[SOURCE MATERIAL]

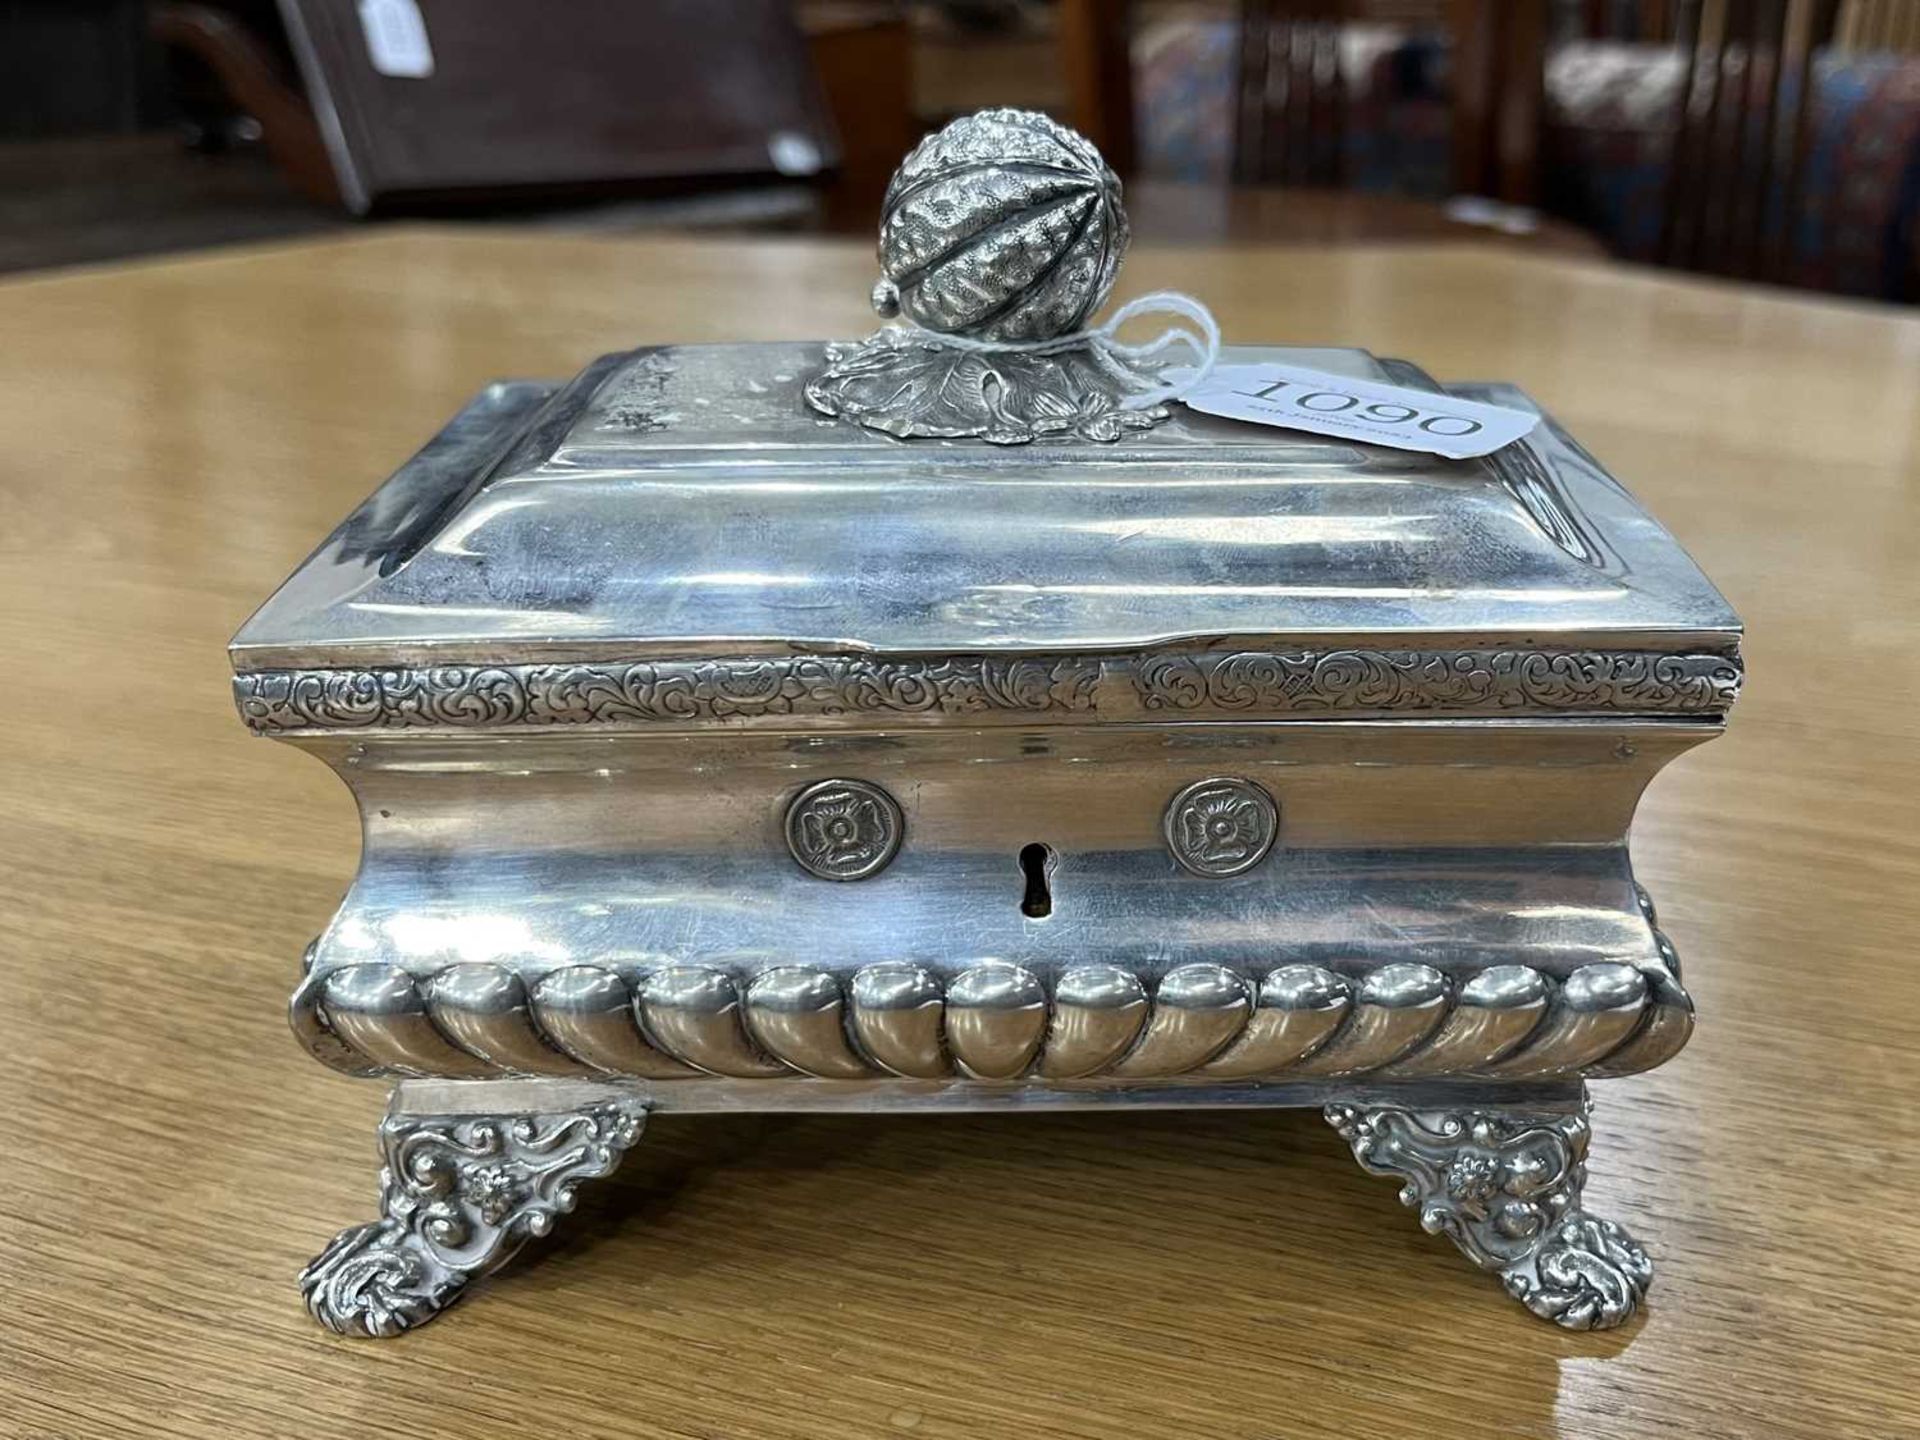 A MID-19TH CENTURY GERMAN SILVER TEA CADDY - Image 10 of 17
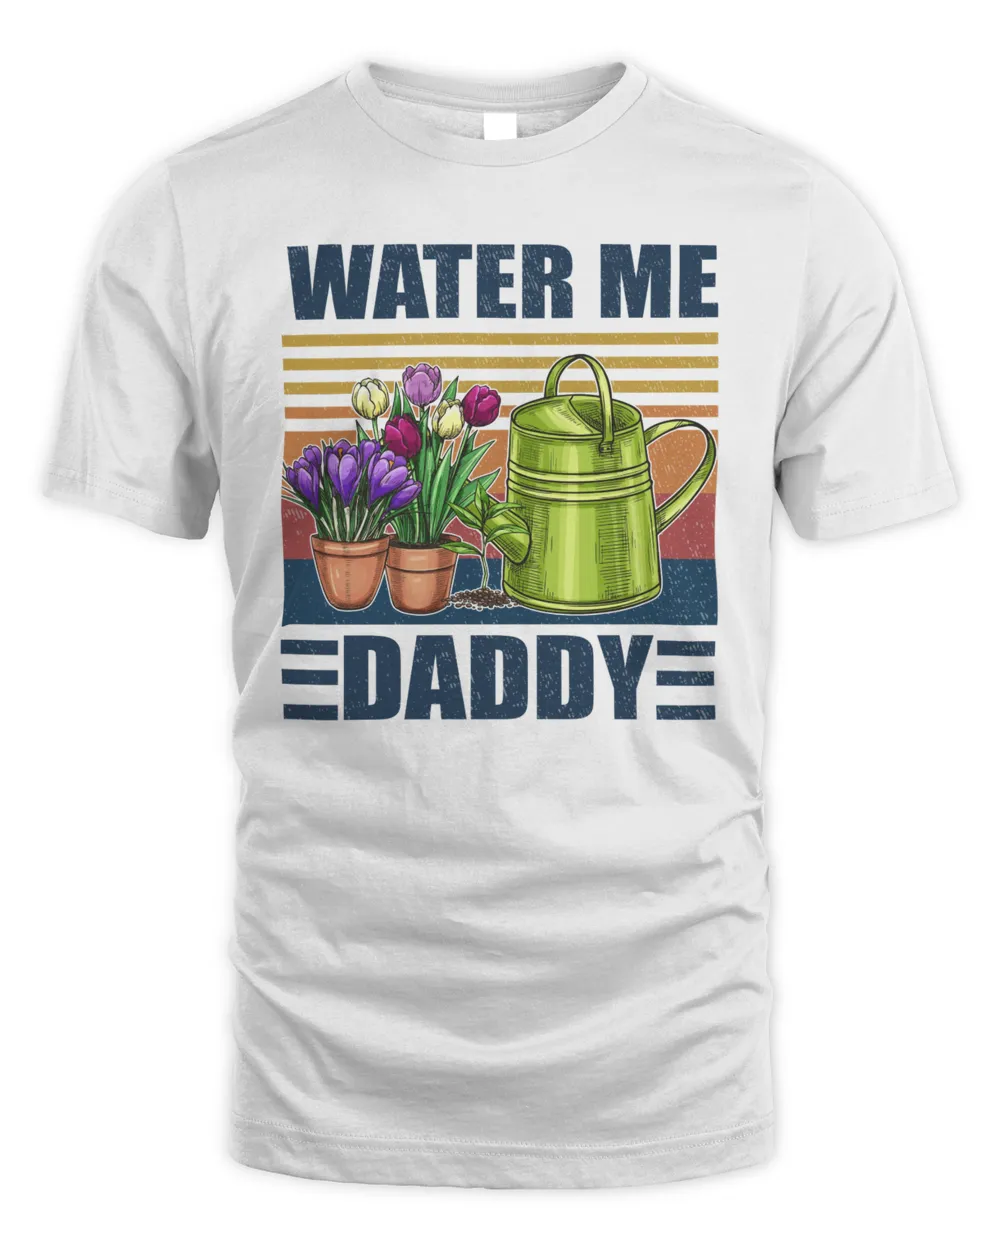 Funny water me daddy
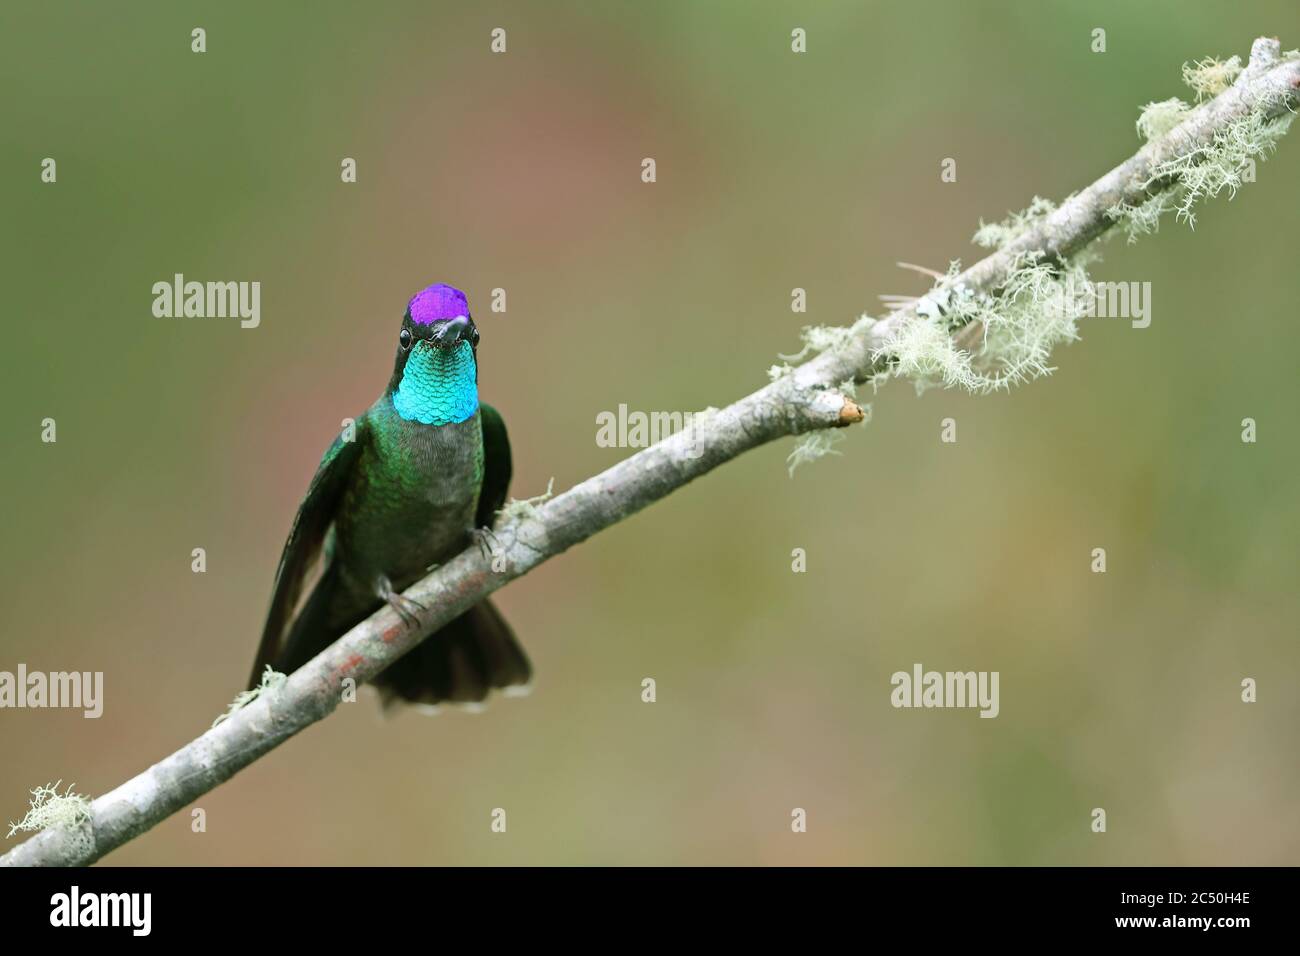 Talamanca hummingbird (Eugenes spectabilis), male perching on a twig, front view, Costa Rica, Los Quetzales National Park Stock Photo

[/SOURCE MATERIAL]

#### ASSIGNMENT:
Copy each line of the material above exactly, but not the images.

#### SOLUTION TO THIS TASK:
 A MID-19TH CENTURY GERMAN SILVER TEA CADDY - Image 10 of 17
 Funny water me daddy
 Talamanca hummingbird (Eugenes spectabilis), male perching on a twig, front view, Costa Rica, Los Quetzales National Park Stock Photo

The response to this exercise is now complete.